Supplied data:
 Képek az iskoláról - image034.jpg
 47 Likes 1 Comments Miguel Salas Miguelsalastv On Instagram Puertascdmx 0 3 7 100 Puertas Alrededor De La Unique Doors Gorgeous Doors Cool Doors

---

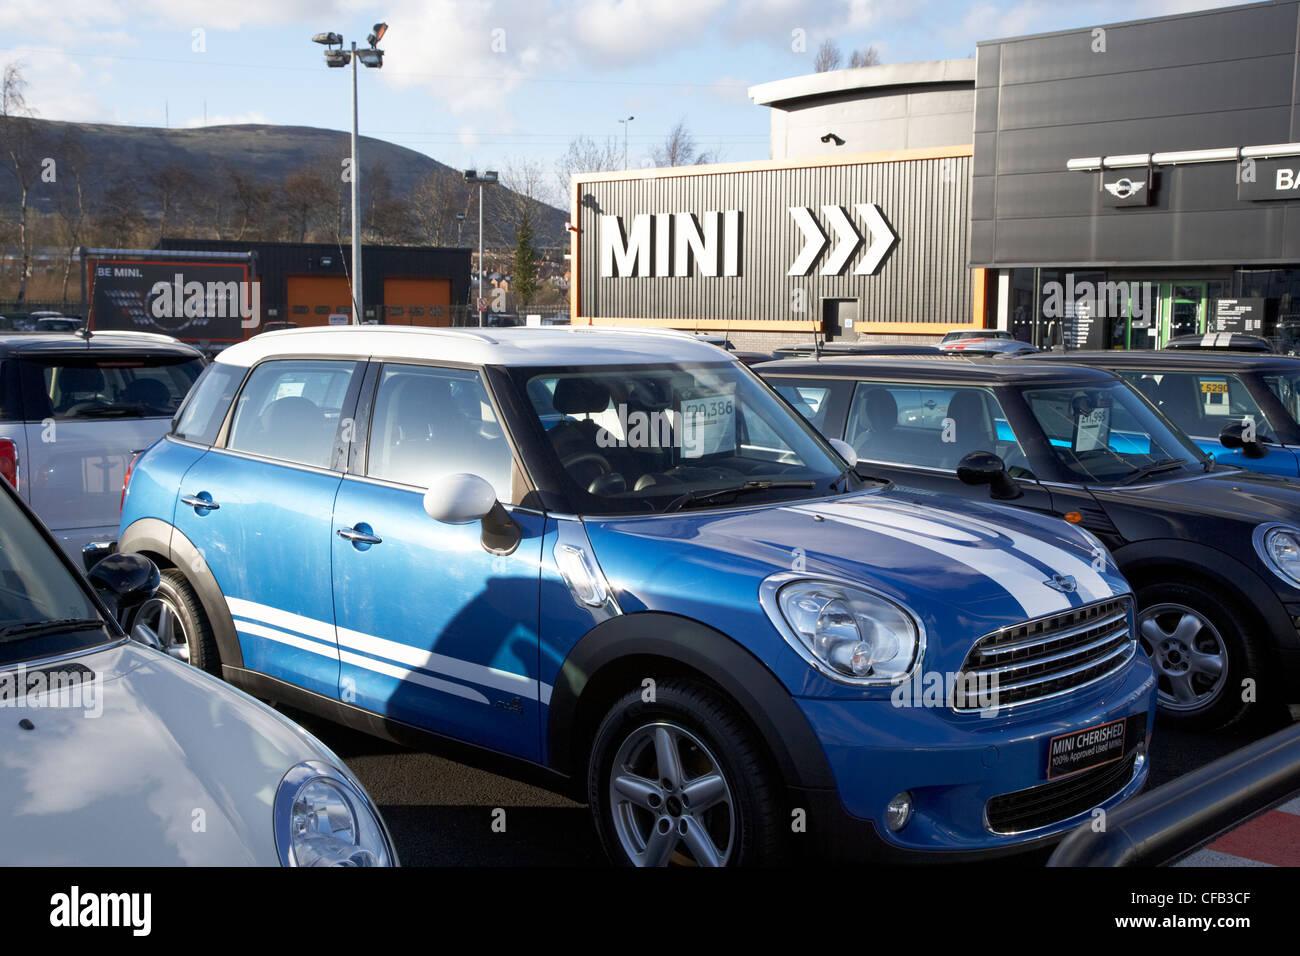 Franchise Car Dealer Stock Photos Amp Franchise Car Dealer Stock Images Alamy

What this task involves: Taking the entries above, print exactly the lines starting at the line with "Képek az iskoláról - image034.jpg" and ending at the line with "47 Likes 1 Comments", both included.

Task solution:
 Képek az iskoláról - image034.jpg
 47 Likes 1 Comments Miguel Salas Miguelsalastv On Instagram Puertascdmx 0 3 7 100 Puertas Alrededor De La Unique Doors Gorgeous Doors Cool Doors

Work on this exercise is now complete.